What the task asks: Word for word, repeat the data; no picture should appear in the result.
Given material Start Marker
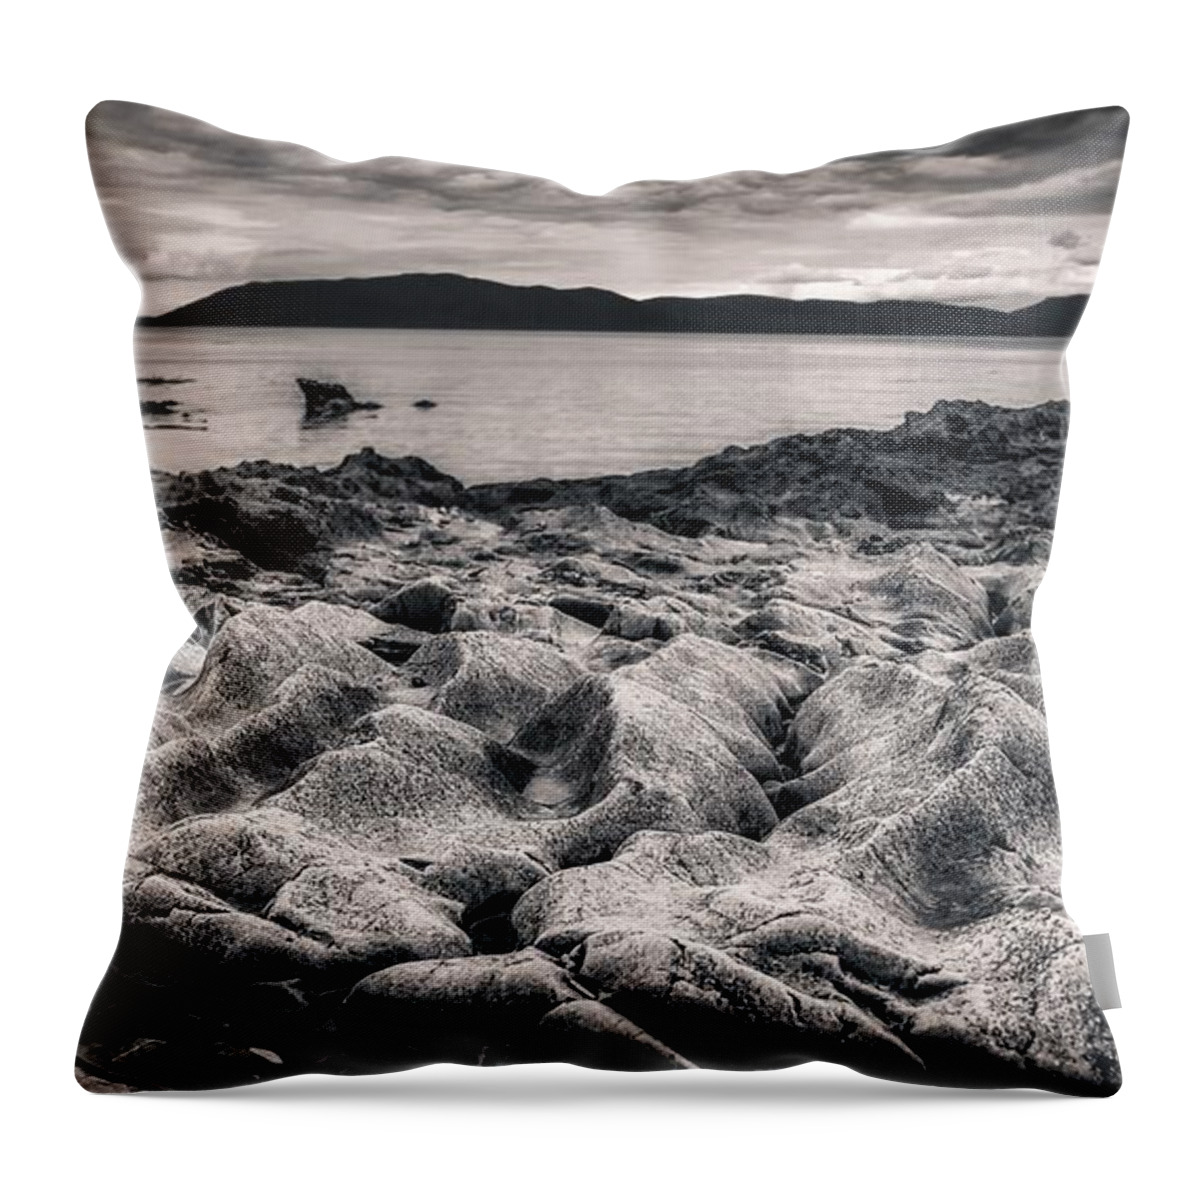 Monochrome Throw Pillow featuring the photograph Rocky dune beach by Bradley Morris
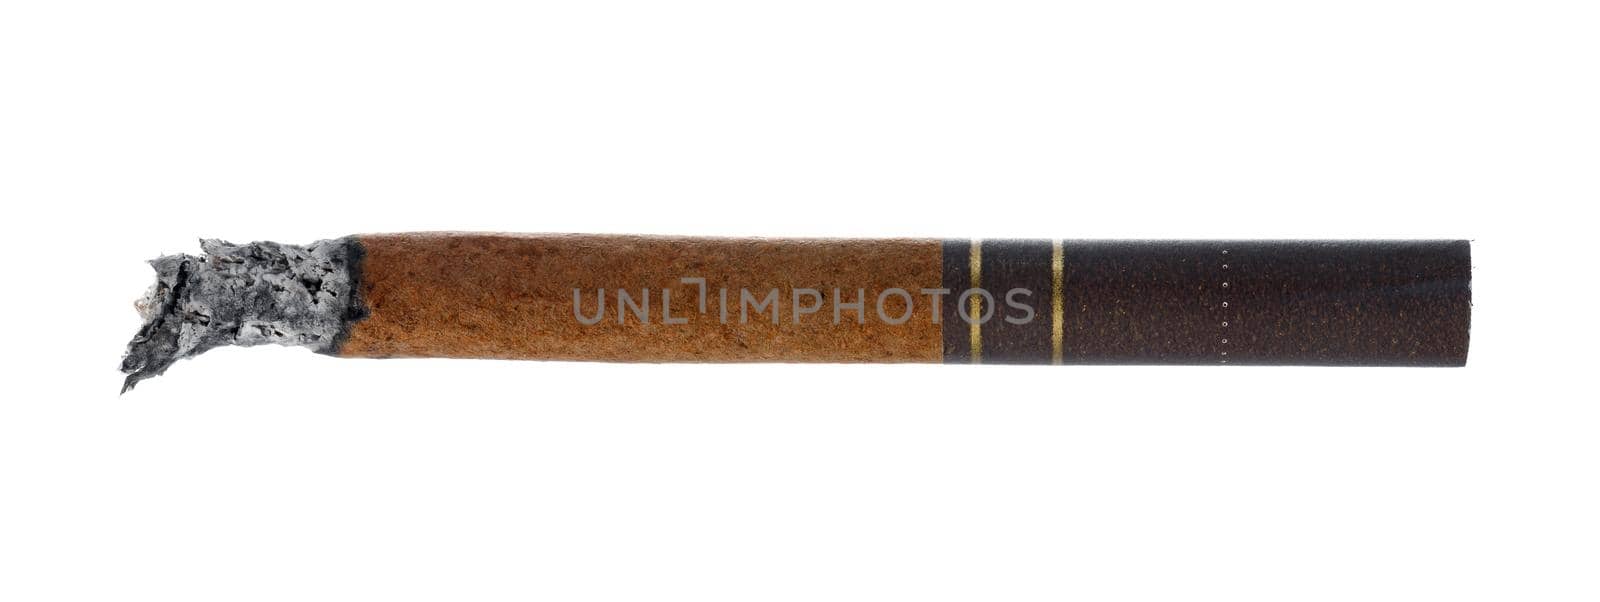 Burning cigarette isolated on white background close up by Fabrikasimf
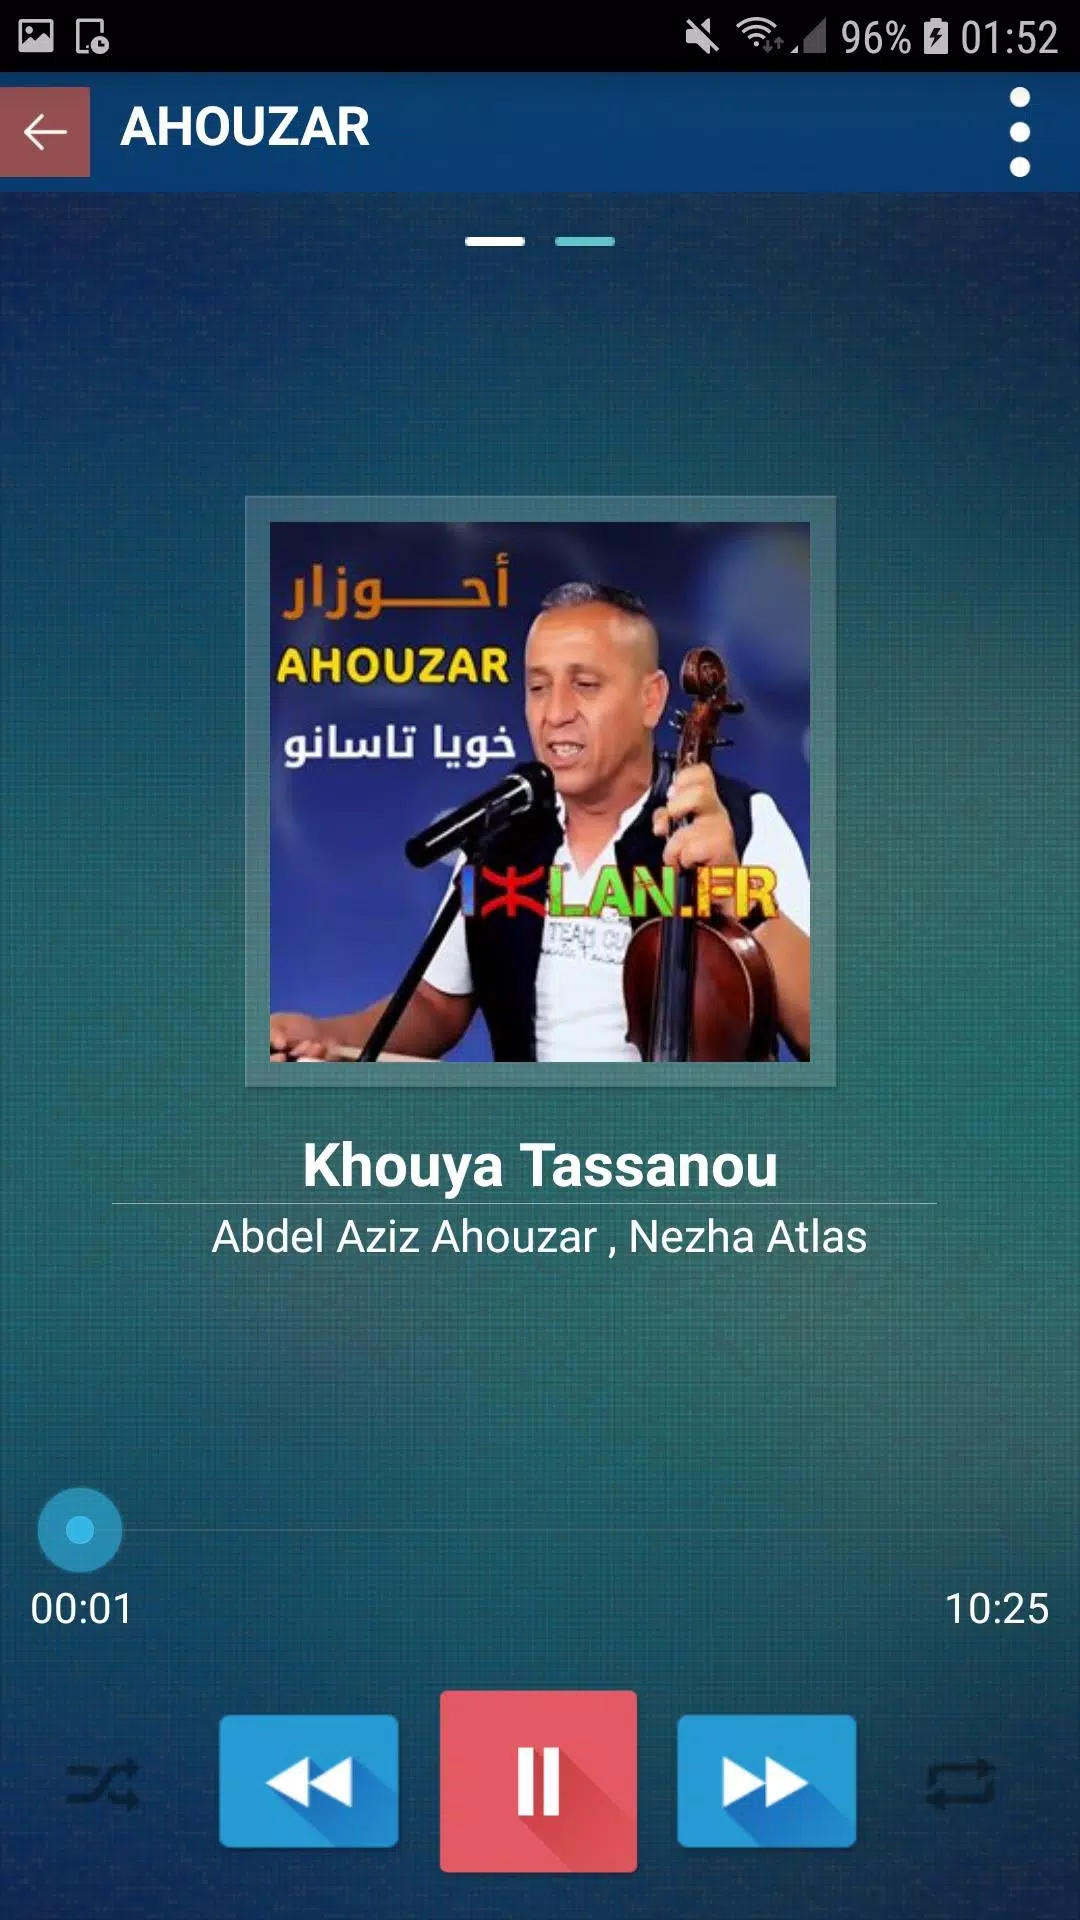 Ahouzar Abdelaziz 2019 APK for Android Download
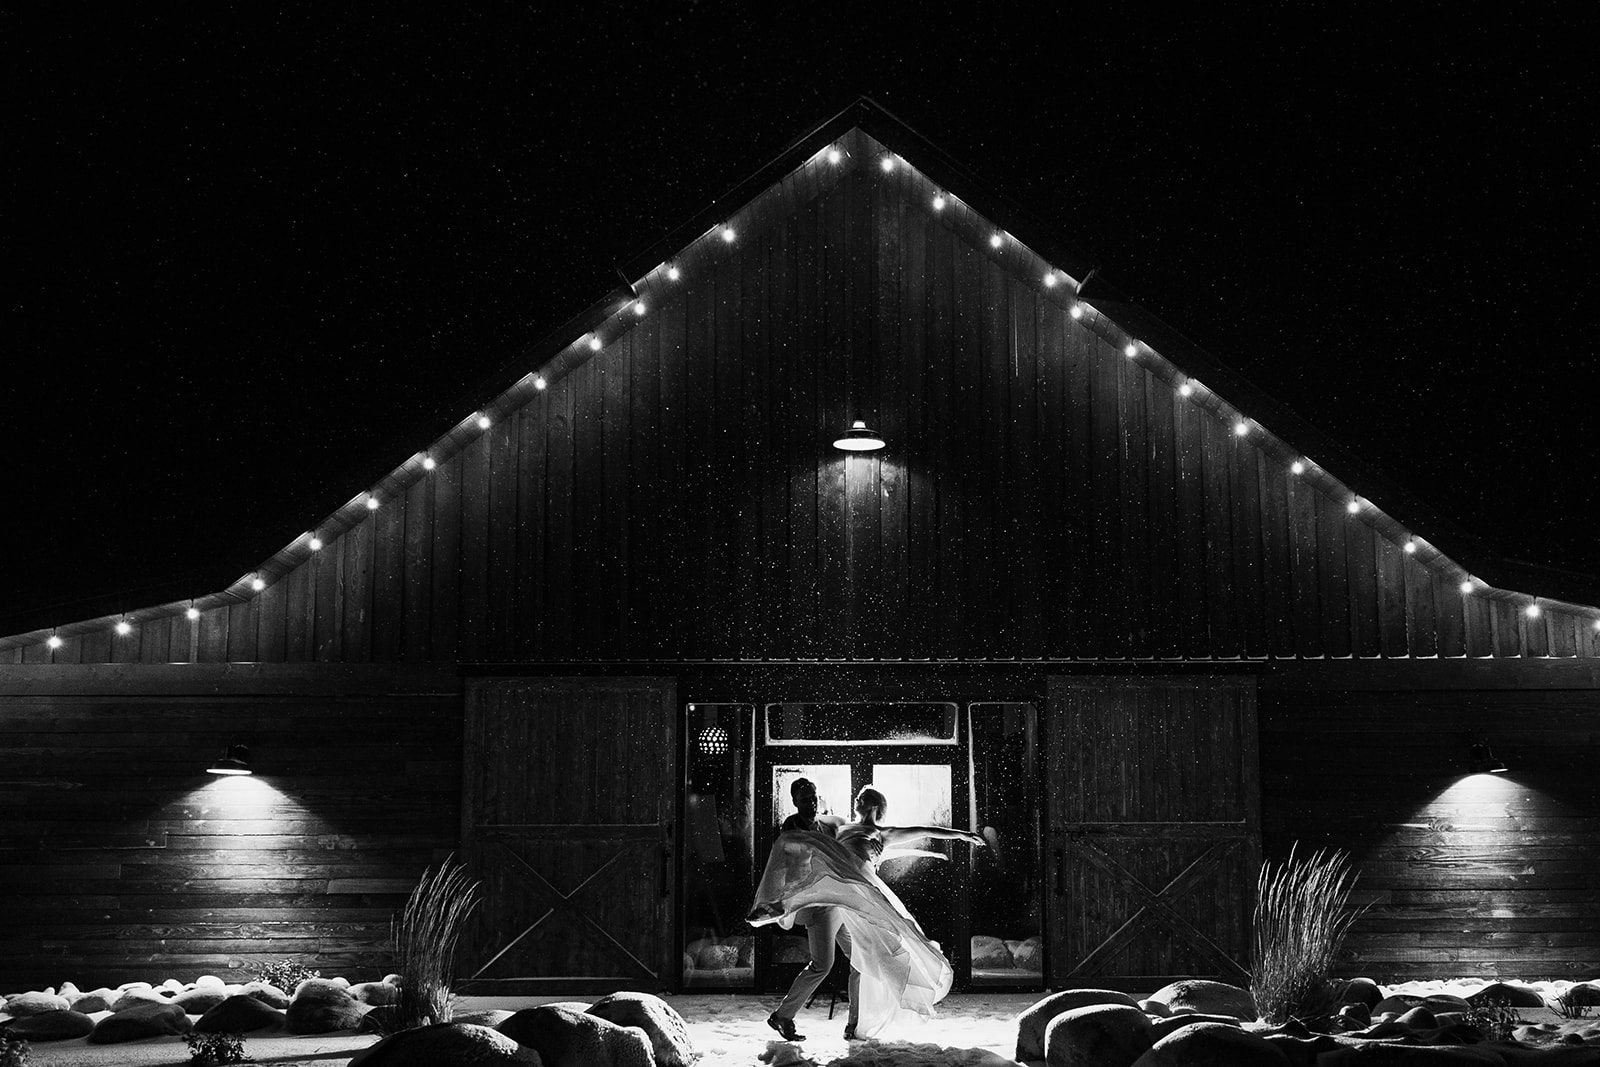 Off camera flash wedding photos, Snow wedding photos at The Barn at Sunset Ranch, Night wedding photos in the snow
Given material End Marker
Answer for this exercise:
 Monochrome Throw Pillow featuring the photograph Rocky dune beach by Bradley Morris
 Burning cigarette isolated on white background close up by Fabrikasimf
 Ahouzar Abdelaziz 2019 APK for Android Download
 Off camera flash wedding photos, Snow wedding photos at The Barn at Sunset Ranch, Night wedding photos in the snow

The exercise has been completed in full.